Time for you to step away from your computer.  You obviously have delusional problems, as the above statement indicates that you have not done enough RESEARCH to be commenting on many of the topics that you have so far attempted to enter on this site.

Please do us all a favour and finish High School, do some more reading, and then come back to this site better informed.


----------



## GAP (3 Jun 2010)

DiManno: Parallels between Congo and Afghanistan
Article Link
There was a time when Canadian peacekeepers in this country were pistol-whipped, kicked, robbed and force-marched in their bare feet.

On each occasion of abuse, it was, allegedly, a case of mistaken identity. The Congolese tormentors thought those clearly designated blue beret Canadians were despised Belgians, remnants of an occupying colonial power whose paratroopers had descended anew only weeks after the Congo won its independence, their swift return purportedly necessary to protect white Europeans caught up in the violence provoked by a no-time-wasted army coup.

Such was the shock and disgust of Canadians back home at the mistreatment of “our boys” that Prime Minister John Diefenbaker was inundated with furious letters of protest, many of them overwhelmingly racist in content.

One read: “I used to feel sorry for these poor natives, for there is no doubt they have been abused, but it is no doubt now they are more animal than man. From now on I shall only think of them as smelly dirty n---ers . . . Tell them to shoot and not to wait until they ‘see the whites of their eyes.’ ”

That was all back in 1960 when the United Nations first stepped into the Congo mess to prevent civil war. Canada contributed more than a thousand (in rotation) non-combat troops, primarily the 57th Signal Unit (radio, communications) and despite a public souring on the mission, hung in till the end in 1964, among the last nations to pull out.

Diefenbaker did, however, repeatedly decline a UN request to leave a unit behind that would train the Congolese army and gendarmeries.

There is an echo of that ‘nuff done posture in the apparent unwillingness of the current Canadian government to continue training national security forces in Afghanistan when that nine-year mission ends next year. Prime Minister Stephen Harper has steadfastly refused to touch the subject of what next or where next for the country’s battle-hardened soldiers.

But not here — that much is evident, even if French-speaking UN troops are as desperately required now as they were 50 years.
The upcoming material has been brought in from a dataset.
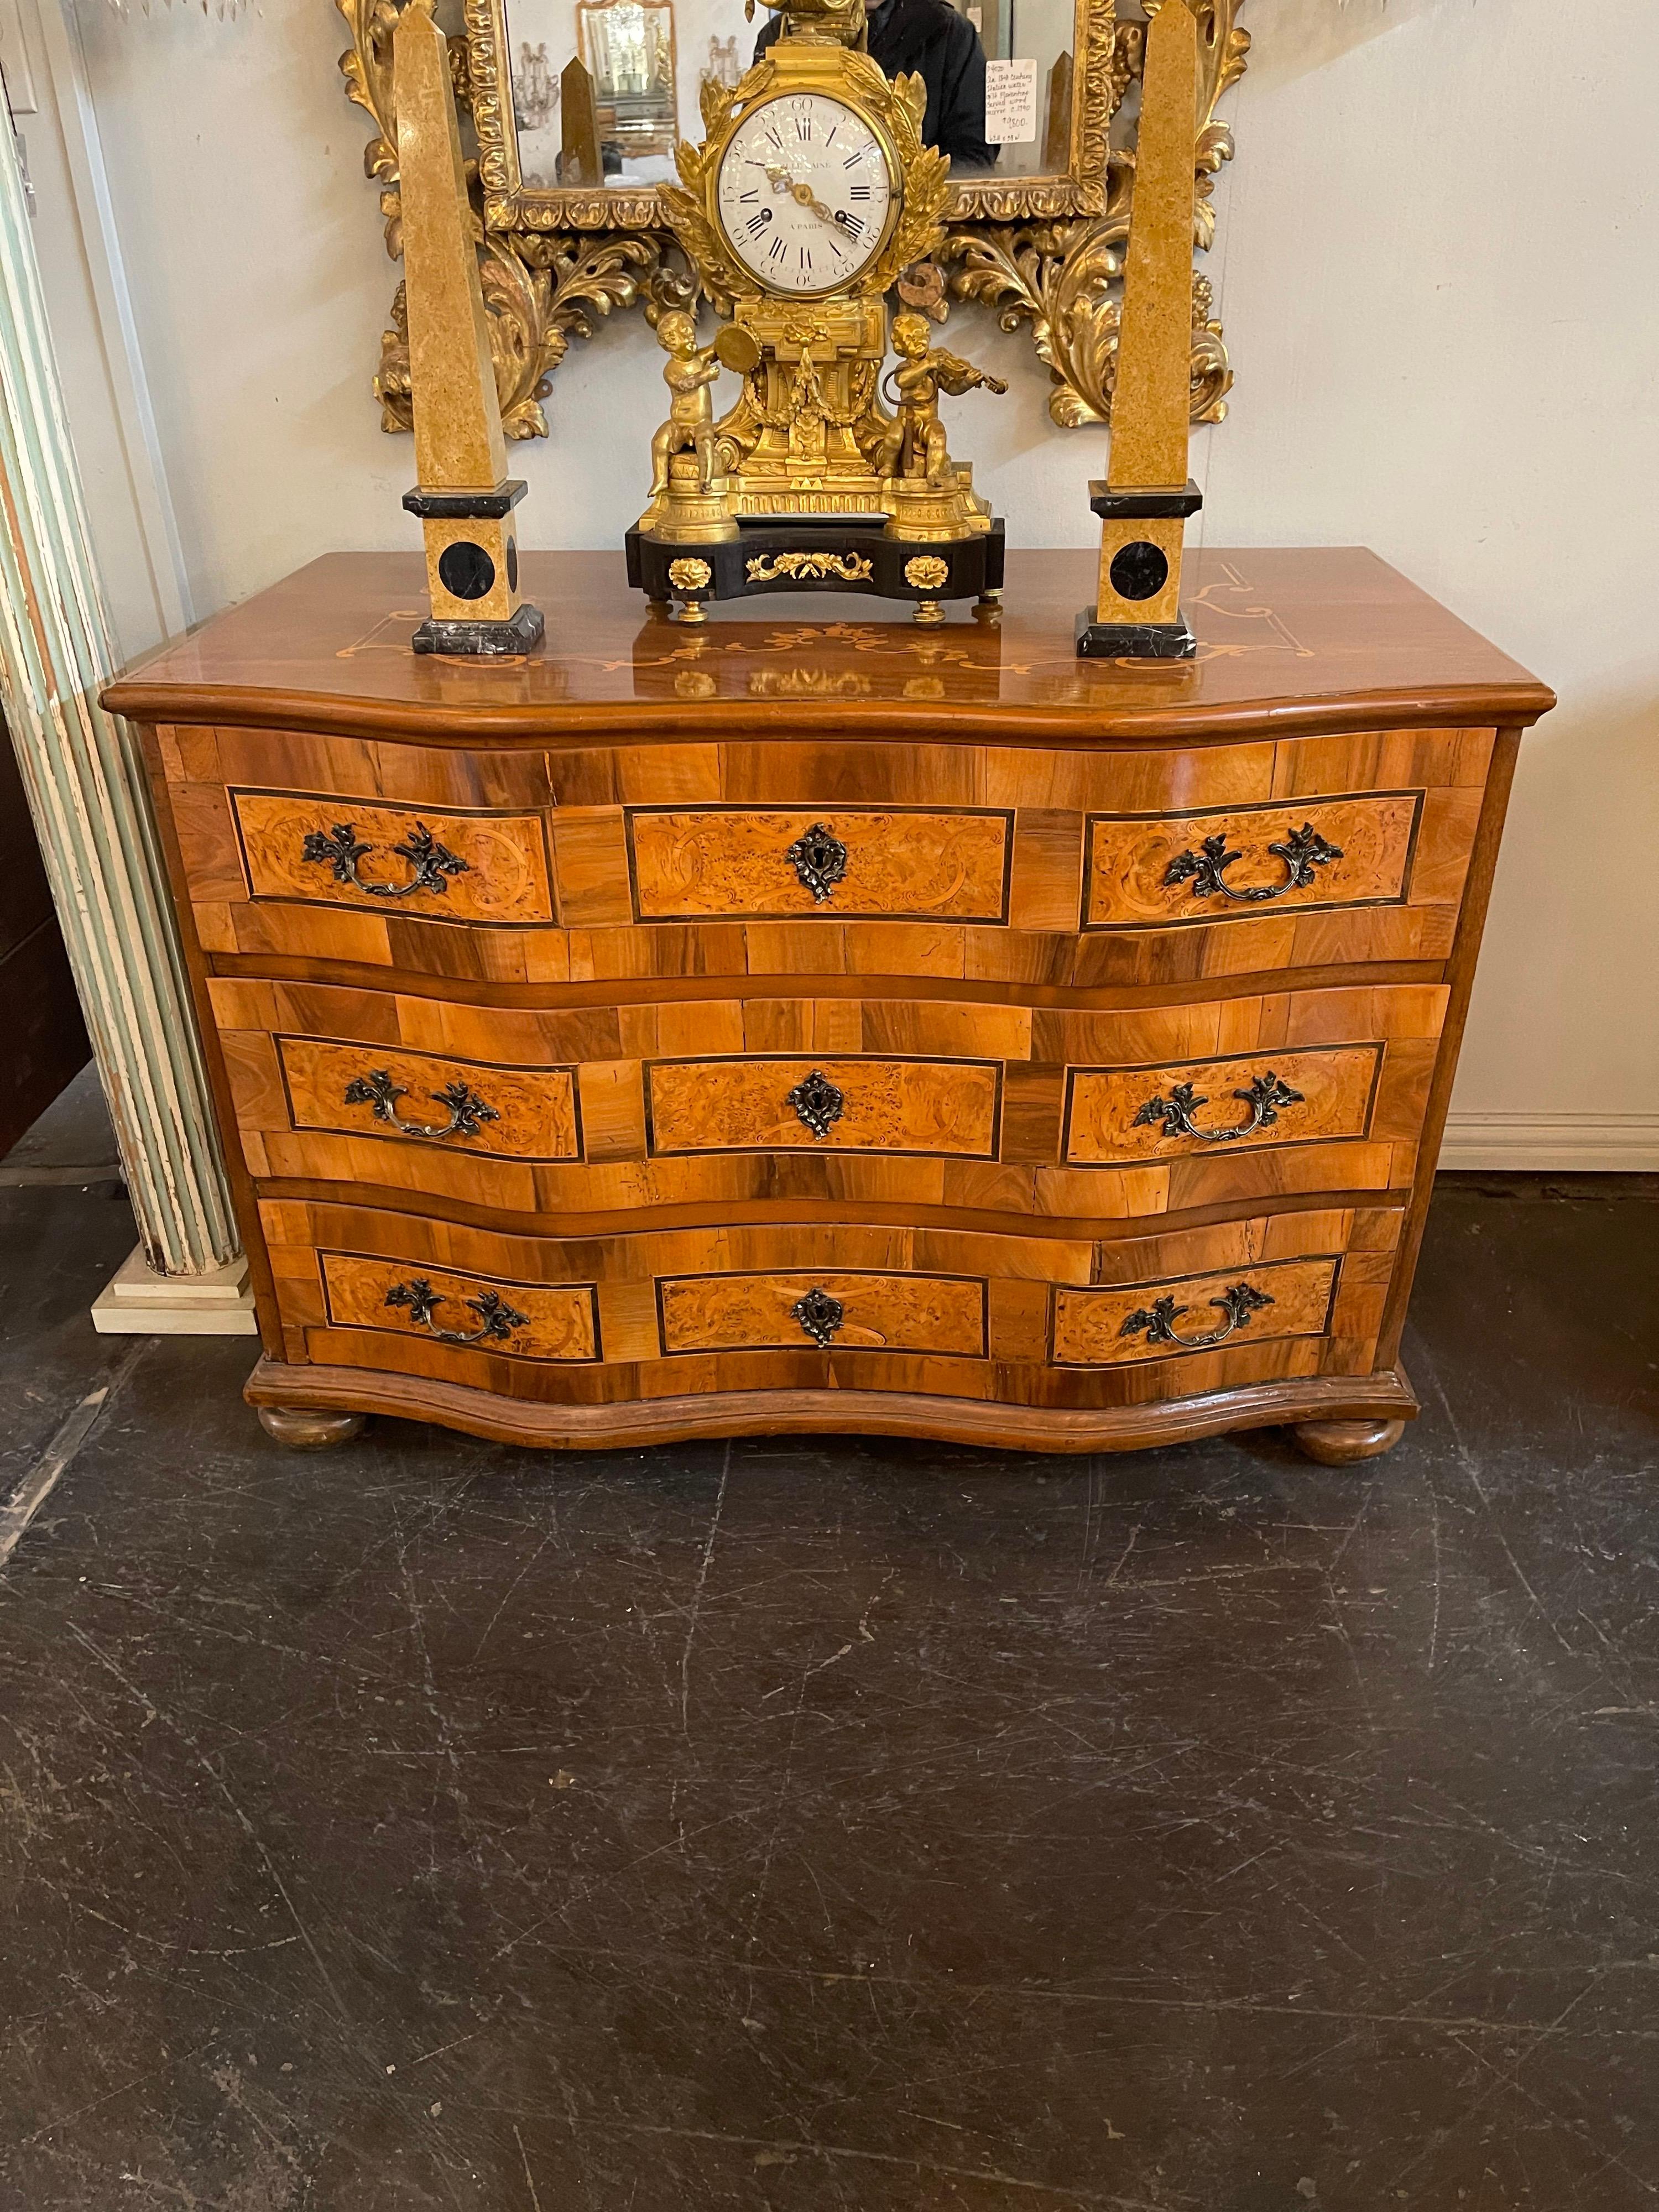 Remarkable 18th century South German (possibly Bavaria) shaped-front commode. The marquetry inlaid double serpentine top above three fitted drawers with outstanding walnut veneer and exotic oak panels that are banded with a narrow strip of inlaid

History has taught Canada to stay out of the Congo. While there are no suicide bombers and no IEDs here, the violence is relentless — old-style, even panga-style — with the UN Mission (The Sequel), now in its 11th year, equally reviled and praised as keepers of the intermittent,regional peace.

MONUC takes the rather paternalistic view that the Congo would be doomed if they departed prematurely — a repeat of the ’60s exercise when, two years after the mission accomplished UN forces left, the country was thrust into war.
More on link


----------



## PPCLI Guy (3 Jun 2010)

Great article that touches on one of the fundamental conundrums of current times - how does one conduct Expeditionary COIN - and the attendant all to frequently unasked question: *should* we conduct expeditionary COIN.


----------



## Infanteer (3 Jun 2010)

A friend of mine in the SF says you cannot do that - "expeditionary COIN" is Foreign Internal Defence.


----------



## PPCLI Guy (3 Jun 2010)

Infanteer said:
			
		

> A friend of mine in the SF says you cannot do that - "expeditionary COIN" is Foreign Internal Defence.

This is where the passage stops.